If viewed as a representative of humanity or the family that owned it, the change exhibited is the slow loss and degredation of the human impact on the world, and the reclaiming of its memory by nature. From this perspective, the change is one of the final steps in a slow death that shows the true protagonist of the story is nature, and that humanity's influence was largely self-absorbed and destructive.
How does the main character change in "There Will Come Soft Rains"?
The house goes from ignoring the fact that its humans are no longer there to frantically trying to save itself.
There are no living beings in most of the story. The closest we come is a dog that drags itself into the house barely alive, and then dies. The people have turned into silhouettes of white paint against the burned-black house.
The five spots of paint—the man, the woman, the children, the ball—remained. The rest was a thin charcoaled layer.
Although there may be no living beings in most of the story, there are plenty of mechanical ones. The house itself is fully automated. It functions in a completely self-sufficient way, and takes care of the humans too. It cooks them breakfast and cleans up after them. It even reads them bedtime poems.

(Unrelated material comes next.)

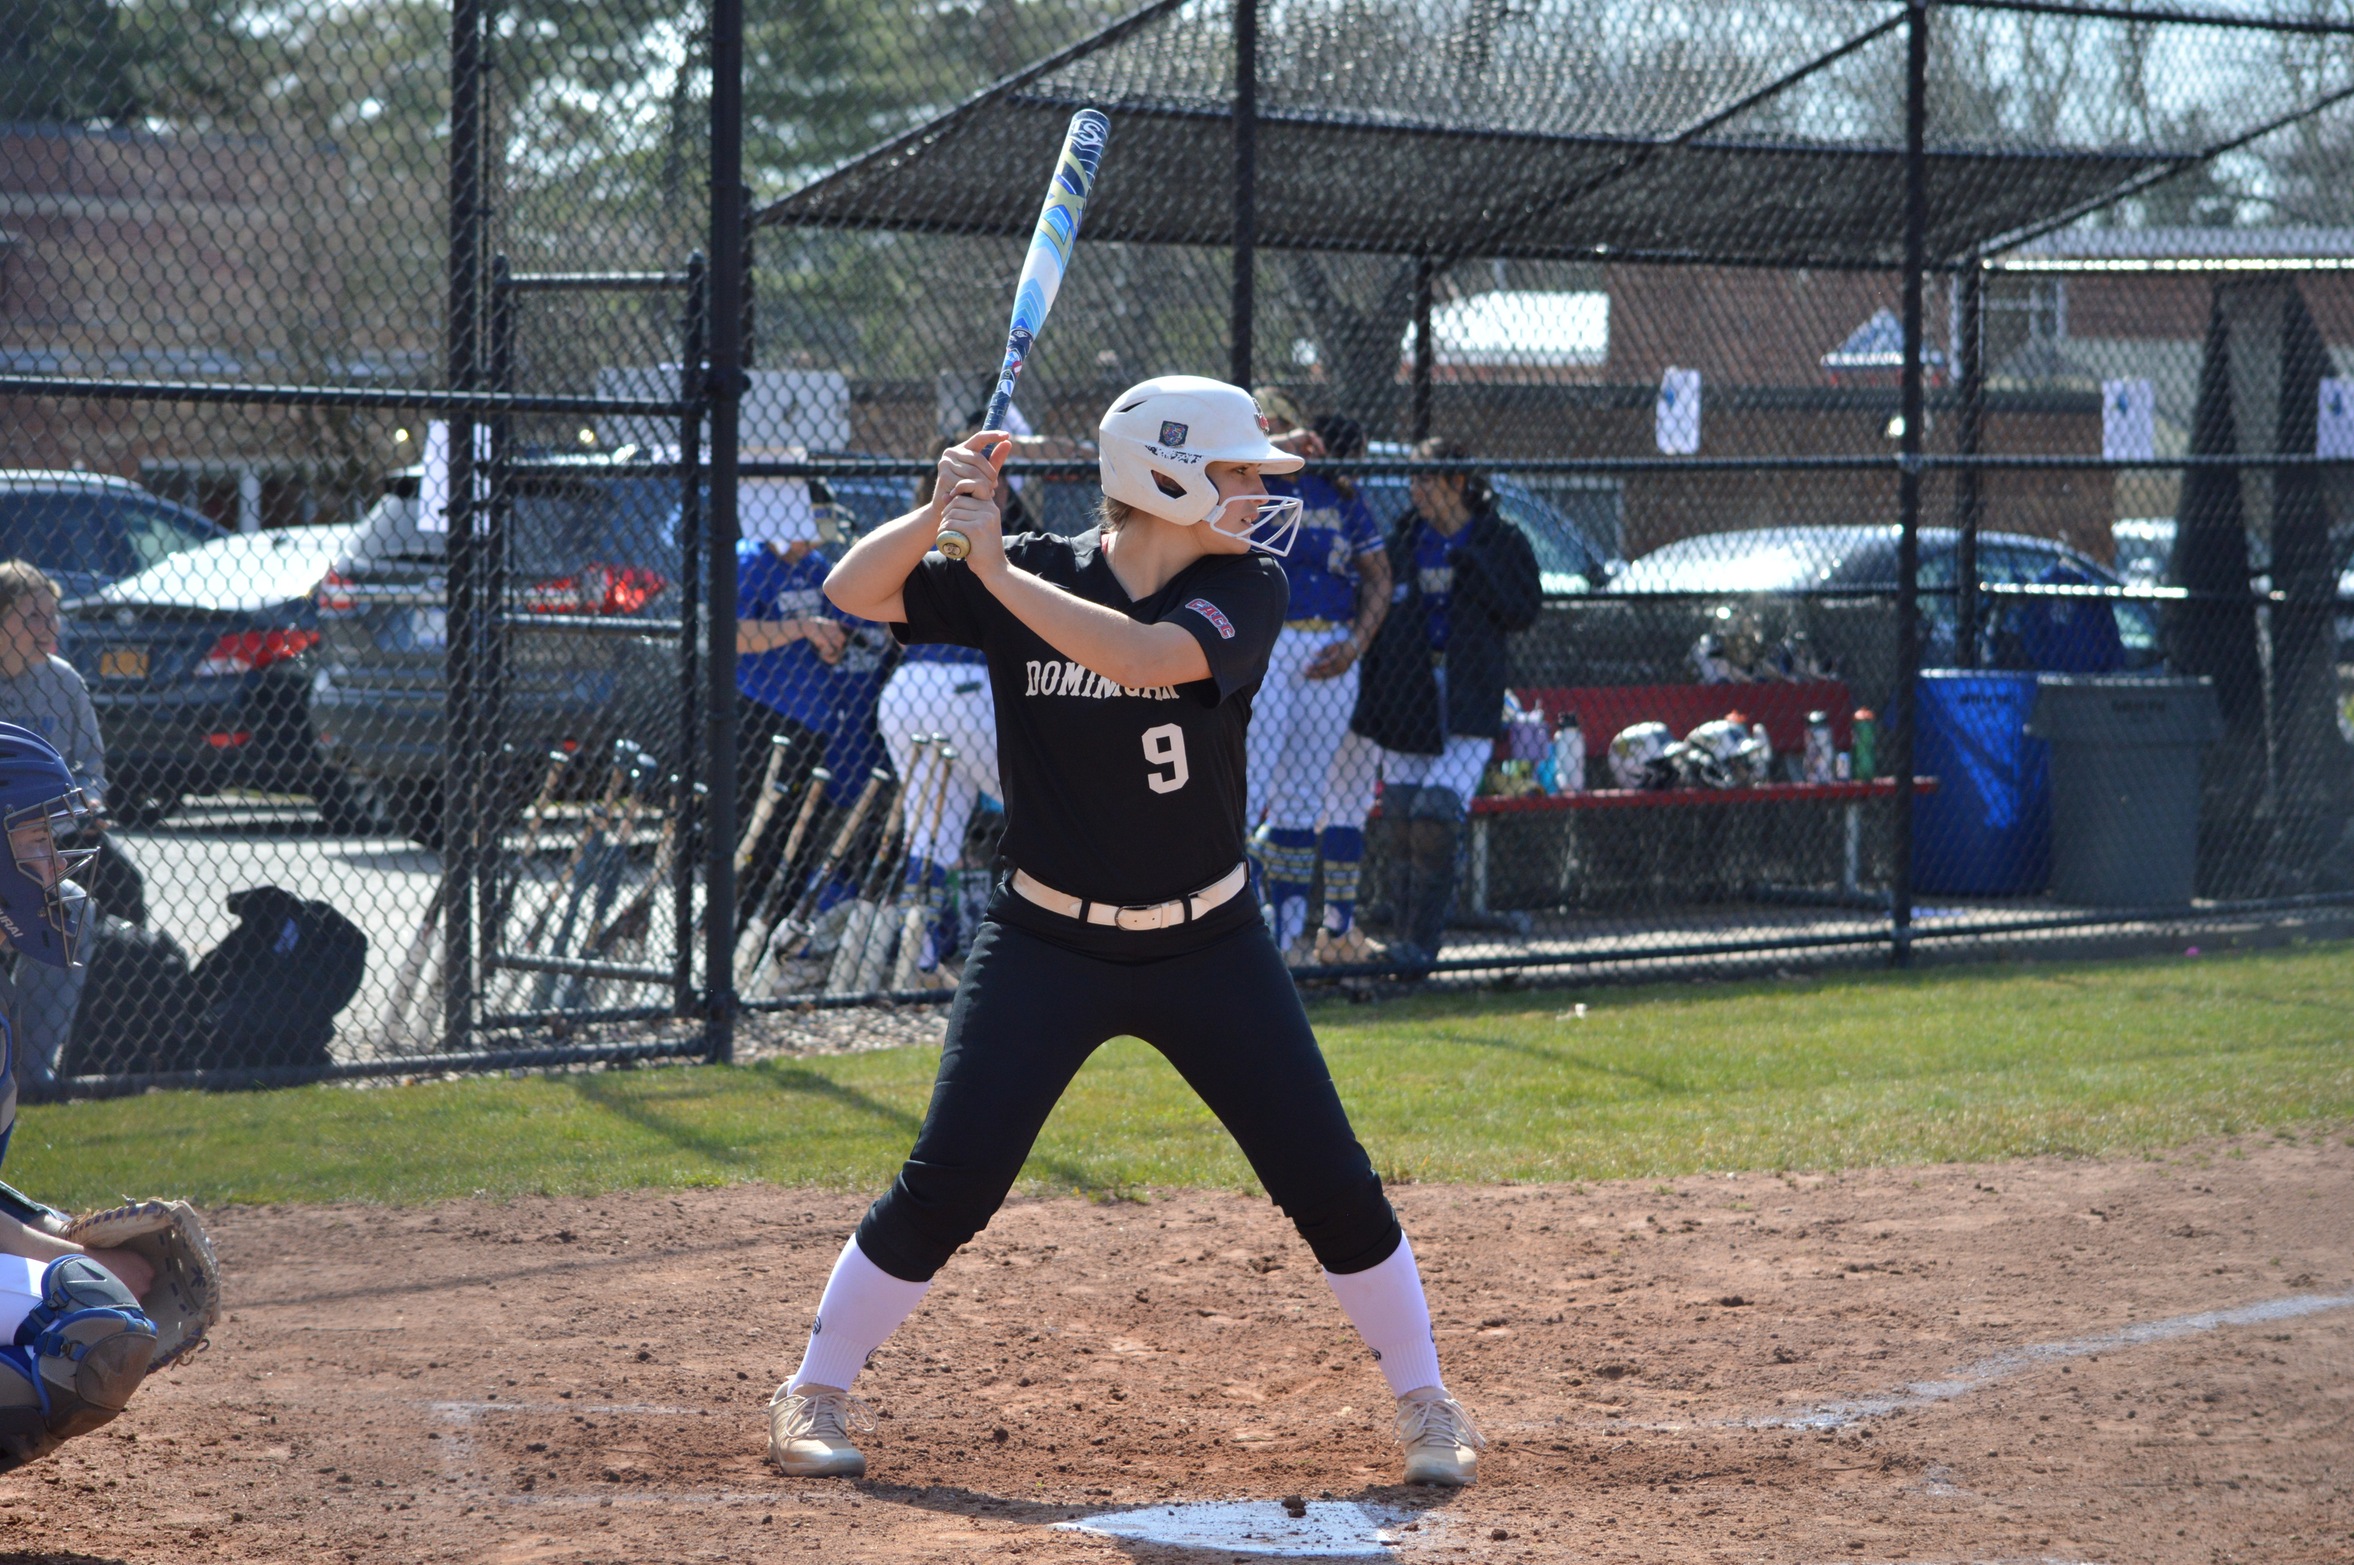 GAME TWO RALLY FALLS SHORT AS GOLDEN FALCONS TAKE TWO FROM LADY CHARGERS

The house is described as dying. It lights a cigar for the man, who is now a spot of paint. Instead of being smoked and put out, the cigar ignites a fire that threatens the house.

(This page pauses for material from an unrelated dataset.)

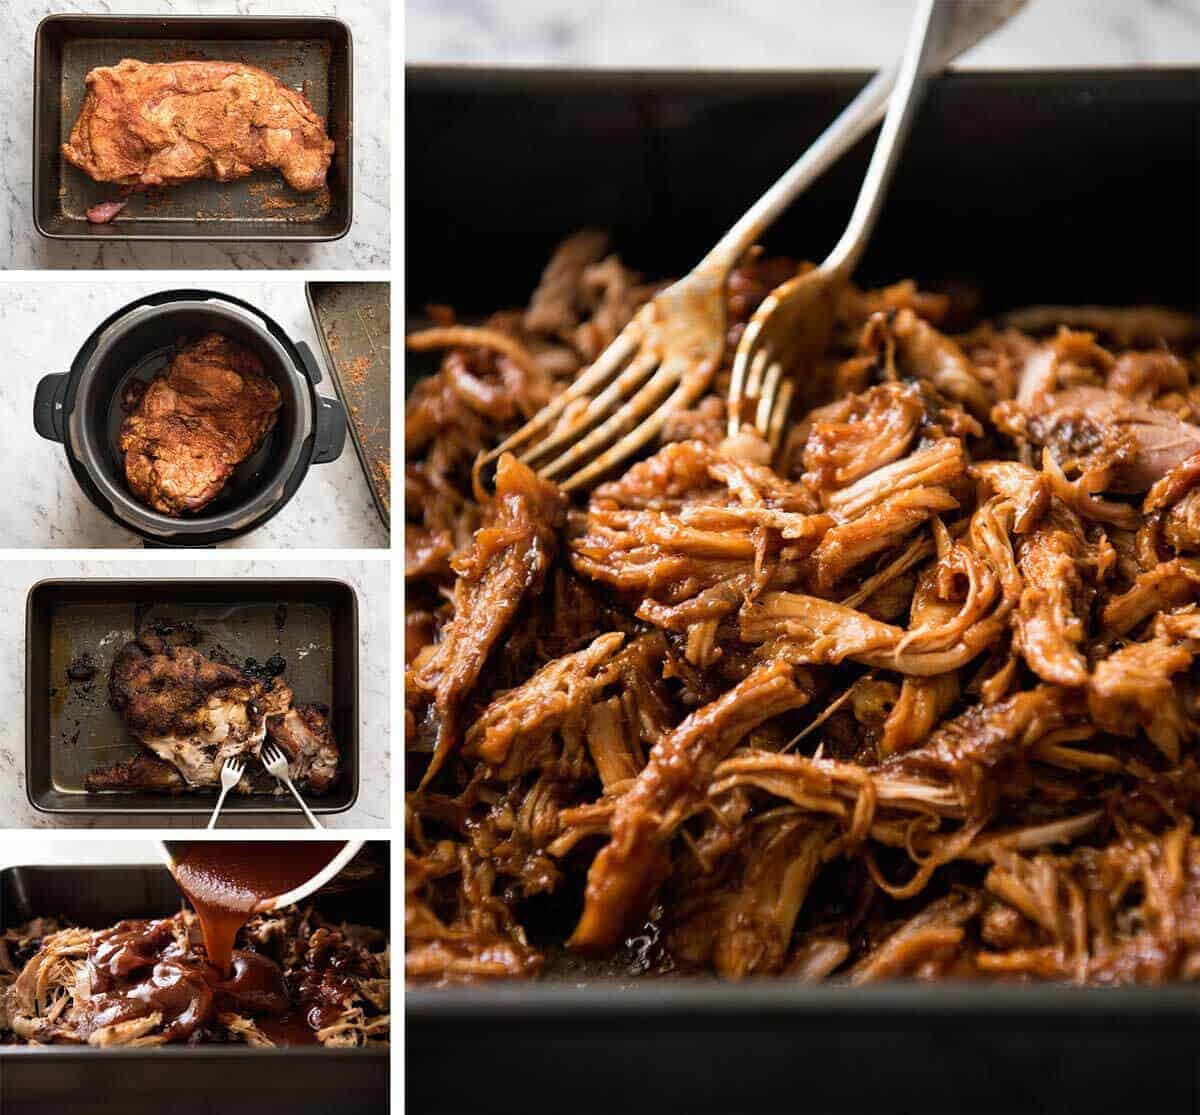 Slow Cooker BBQ Pulled Pork Sandwich - Perfectly seasoned, tender shredded pork mixed in a homemade barbecue sauce, stacked on bread with coleslaw. Slow cooker, pressure cooker or oven. www.recipetineats.com

"Fire!" screamed a voice. The house lights flashed, water pumps shot water from the ceilings. But the solvent spread on the linoleum, licking, eating, under the kitchen door, while the voices took it up in chorus: "Fire, fire, fire!" The house tried to save itself.
The house is described with anthropomorphism, reinforcing the idea that it is in fact the main character. The house goes from blissful ignorance to acknowledgement of a full-fledged threat. The little robots are not able to save it. It does not have enough water to put out the fire. As much as it tries, the house is destroyed. Nature takes back the land, and all traces of humanity are gone.